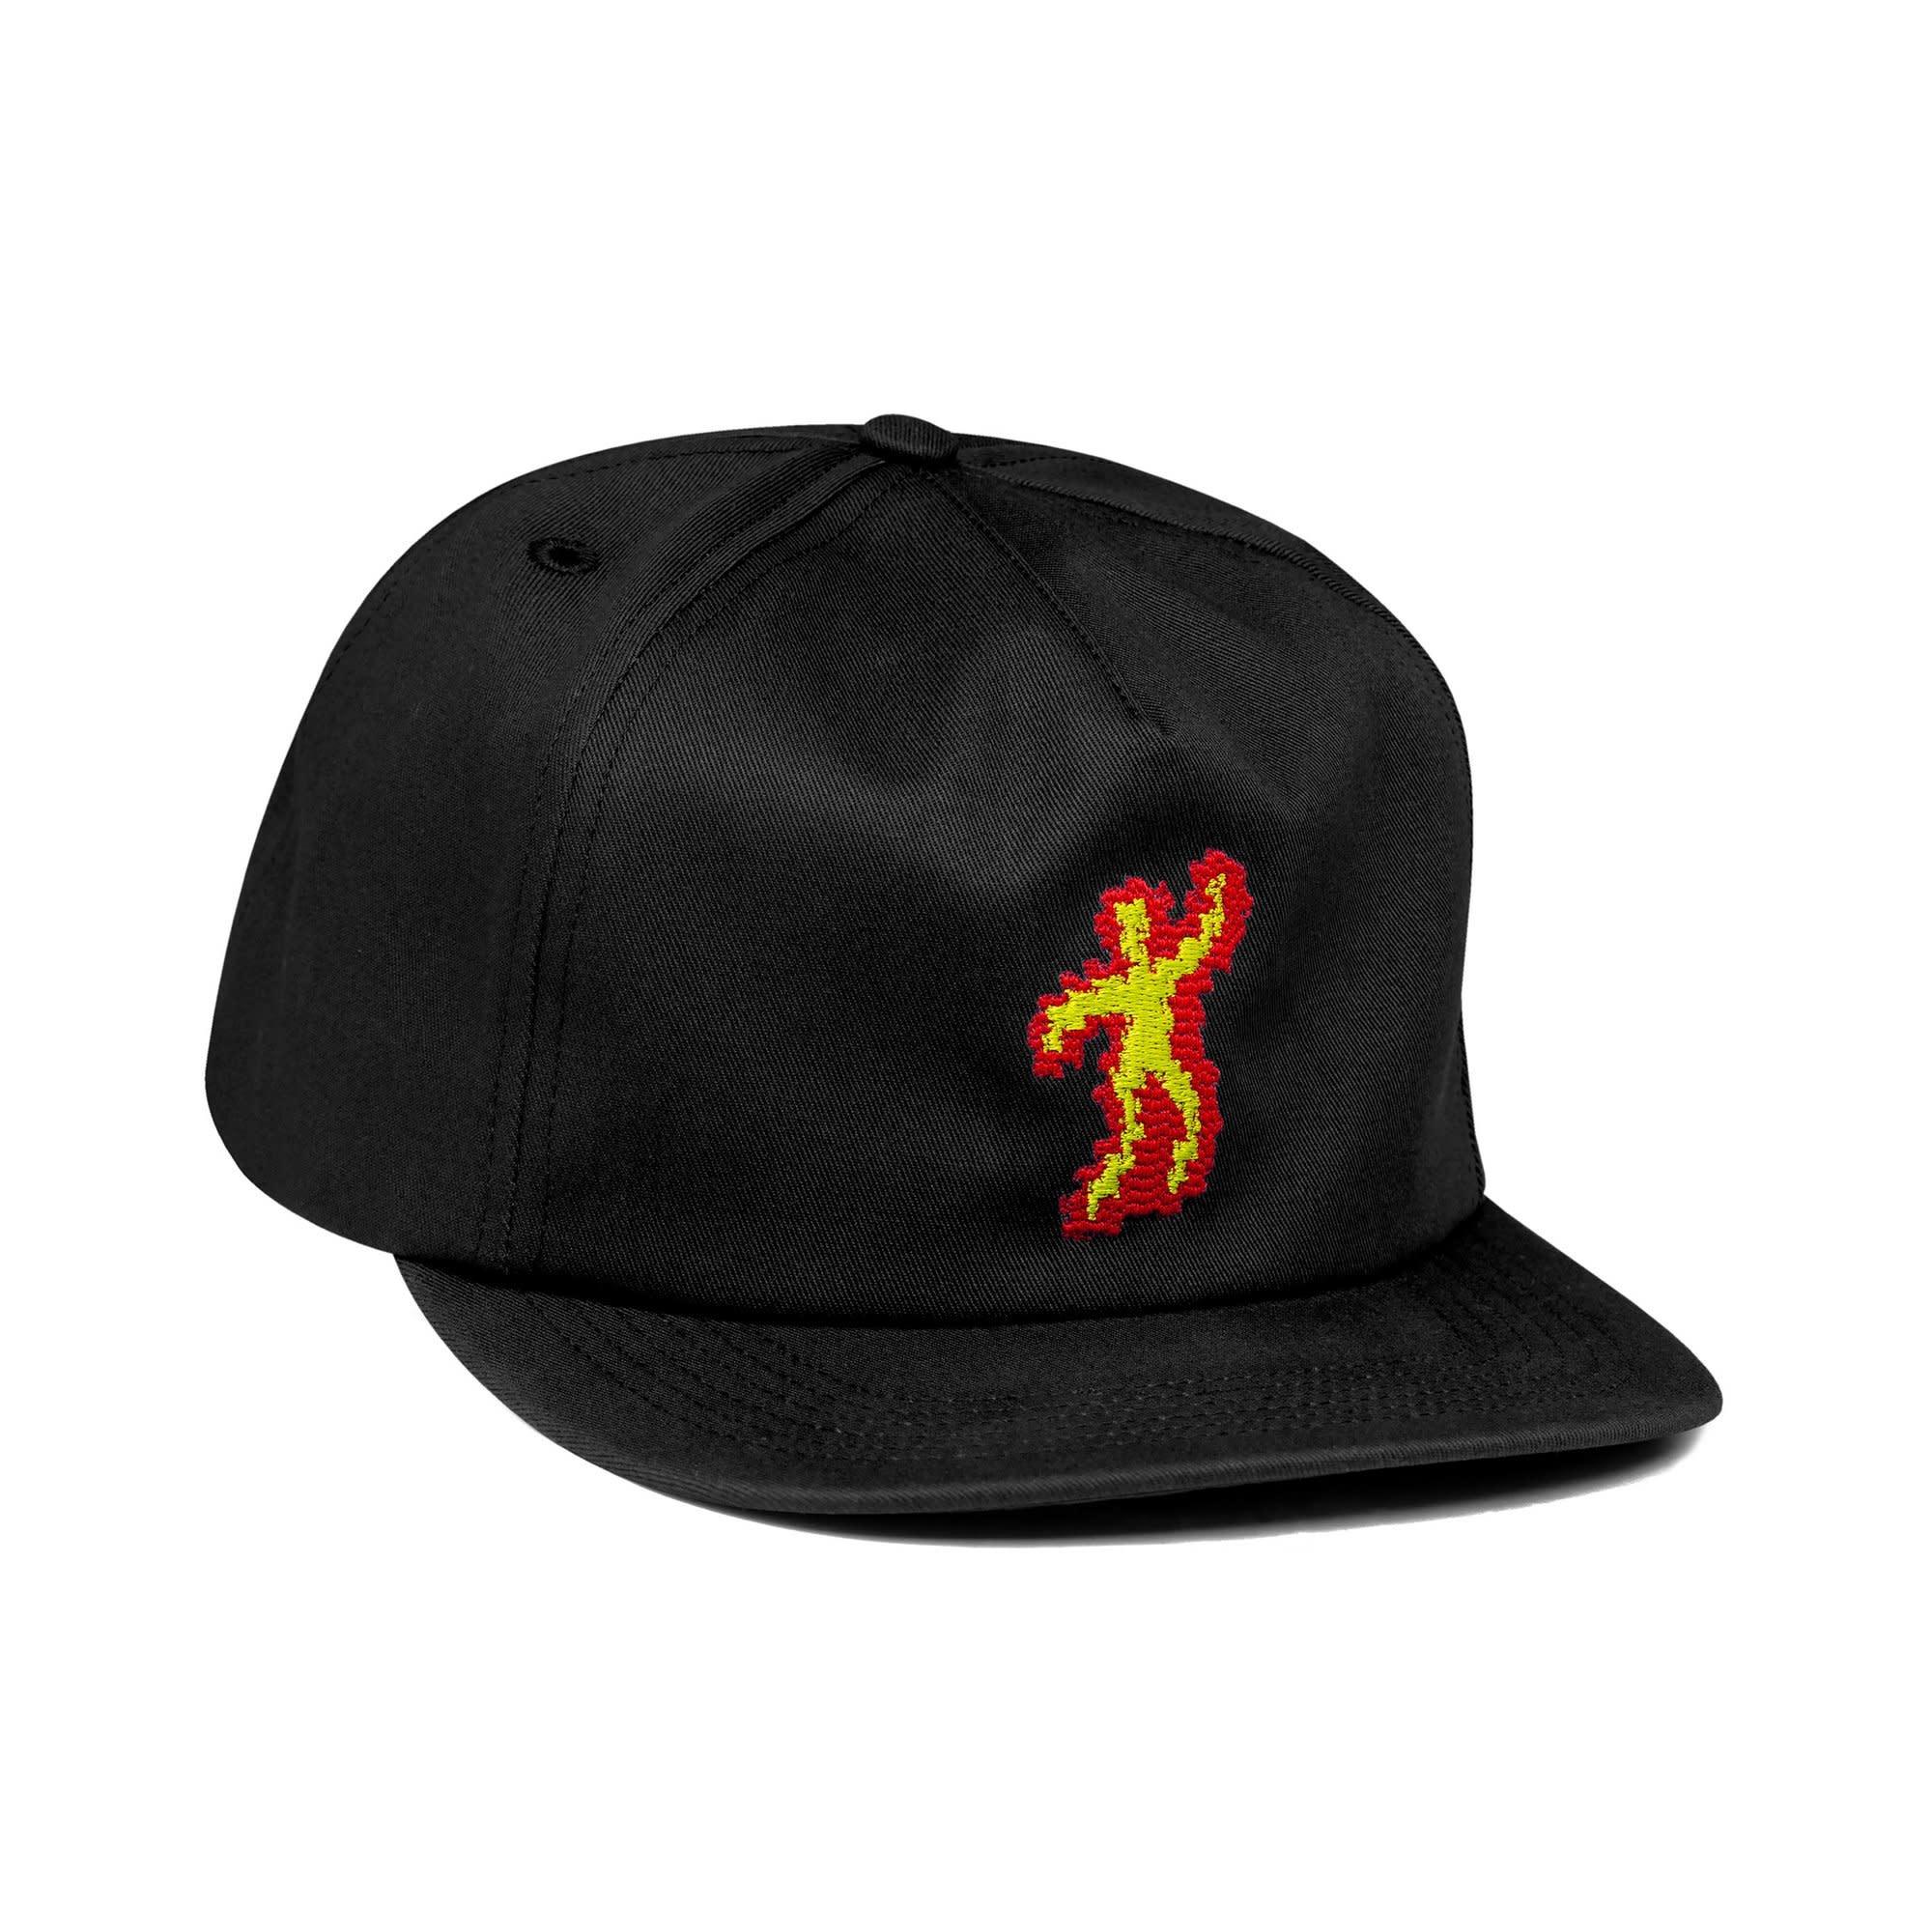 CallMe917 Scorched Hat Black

* * *

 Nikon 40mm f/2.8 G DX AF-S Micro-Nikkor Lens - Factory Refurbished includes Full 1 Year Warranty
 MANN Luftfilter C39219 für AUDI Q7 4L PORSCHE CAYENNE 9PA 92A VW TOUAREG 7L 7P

* * *

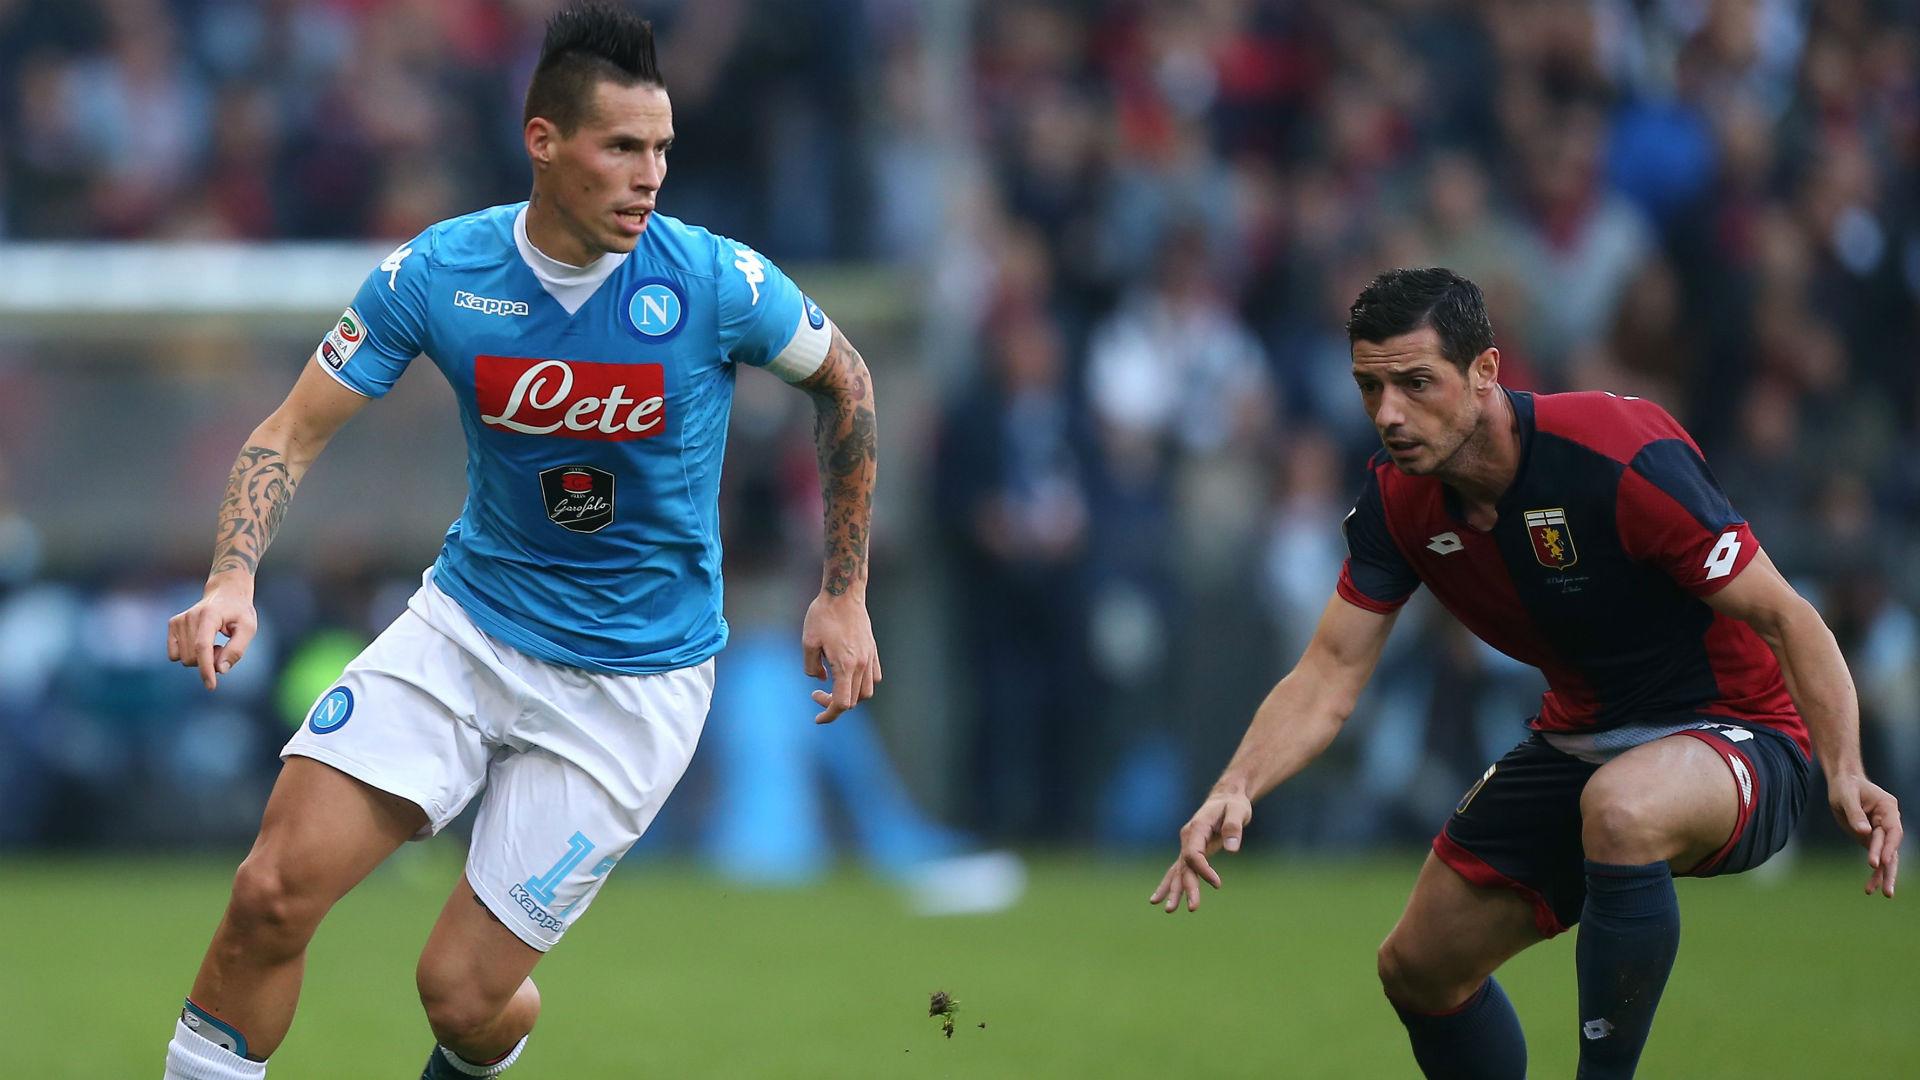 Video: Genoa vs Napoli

WHAT TO DO: Starting at the line that has "Nikon 40mm f/2.8" in the records above, restate word for word every line until the one that has "MANN Luftfilter C39219", and include that one as well.

RESULT:
 Nikon 40mm f/2.8 G DX AF-S Micro-Nikkor Lens - Factory Refurbished includes Full 1 Year Warranty
 MANN Luftfilter C39219 für AUDI Q7 4L PORSCHE CAYENNE 9PA 92A VW TOUAREG 7L 7P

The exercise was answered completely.